Alles richtig, nur eine Sache fehlt.
Zwar wird derzeit von den Süd-Teams immer "beklagt", dass ihre besten Spieler dem Geld folgen und nach Europa (oder auch Japan) gehen, aber ein ganz wesentlicher Aspekt des Leitungsgefälles ist auch das Geld aus TV-Einnahmen. 1996 hat News Corp. 555 Millionen USD für das Format Super Rugby auf den Tisch gelegt und damit SA, AUS und NZ im wahrsten Sinne des Wortes in die professionelle Ära katapultiert. Der derzeitige Deal im Super Rugby ist 323 Millionen USD wert, der nächste Deal ist schon in der Mache. Zum Vergleich: BT zahlt 160 Million Pfund für vier Jahre. Klar dort drei Unions, hier nur die Premiership-Vereine (dafür aber alle deren Spiele). Aber mit dem TV Geld von News Corp waren "von heute auf morgen" Dinge möglich, von denen man sonst nur träumen kann. Dieser Deal ist auch einer der Gründe für die eigenwillige Strukturierung der Ligen und besonders in SA auch immer ein heißes Thema, denn dort überschneiden sich Currie Cup und Rugby Championship zu einem guten Teil. Über den News Corp Deal gibt es ein interessante TV-Doku, findet man bei youtube (habe den Linke gerade nicht zur Hand)

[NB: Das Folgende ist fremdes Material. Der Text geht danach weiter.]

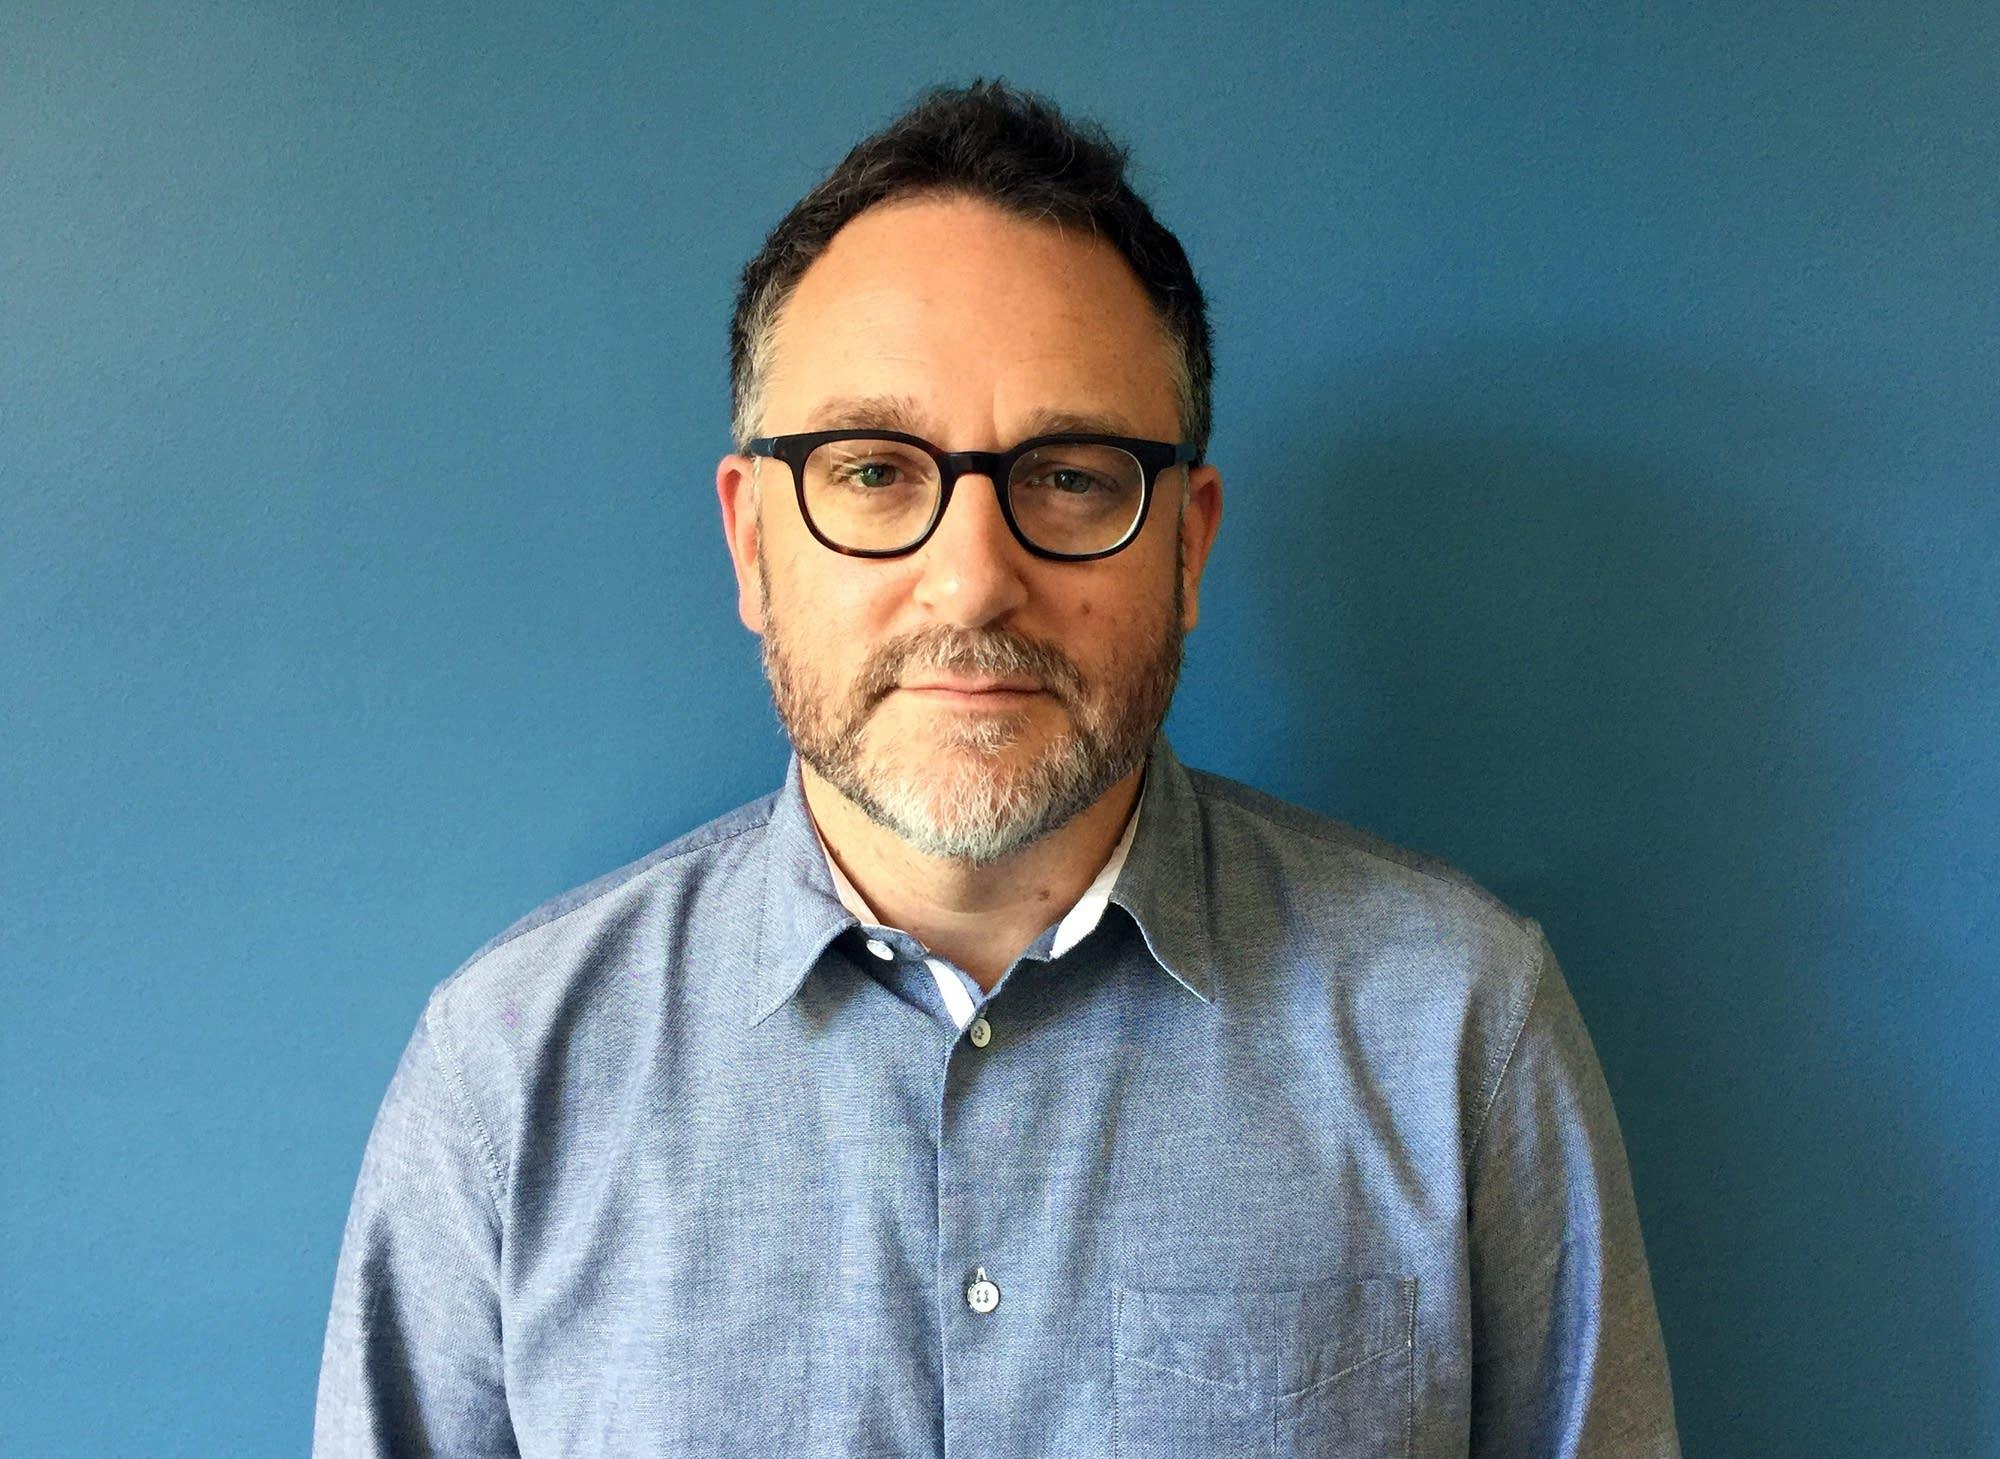 Director Colin Trevorrow

In jeder Krise steckt Hoffnung....
naja Krise ist vielleicht etwas übertrieben. Aber die "Nord"-Mannschaften laufen schon ganz schön hinterher, wenn man zumindestens NZ und SA als Maßstab nimmt. Die Begründungen von Lars und Arne machen auch absolut Sinn, jedoch bin ich mir sicher das sowohl im sportlichen, finanziellen und strukturellen Bereich intensiv nach Lösungen gesucht (und gefunden) wird.
Ich bin fest davon überzeugt, das Sky Sports beispielsweise in Sachen Fernsehgelder nochmal ordentlich nachlegen wird und sich mit BT um exklusive Verträge streiten wird.
Und was das Coachen und die Saisonstrukturen angeht, auch da glaube ich wird es in den kommenden Jahren Veränderungen geben. Wer weiß, vielleicht wird schon bald die Rugbysaison in die Sommermonate verlegt, wie es schonmal von einigen Clubs aus Frankreich und England angeregt wurde.
Vorteile hätte es ja...(schnelleres Spiel wg. härterem Boden, Zuschauer kommen öfters ins Stadion und bleiben länger, es würde nicht mit der WM kollidieren etc.)
Mal sehen, wie sich die Verantwortlichen anstellen. Es gibt einiges zu tun.
An dieser Stelle auch nochmals Danke an die sehr aufschlussreichen Kommentare.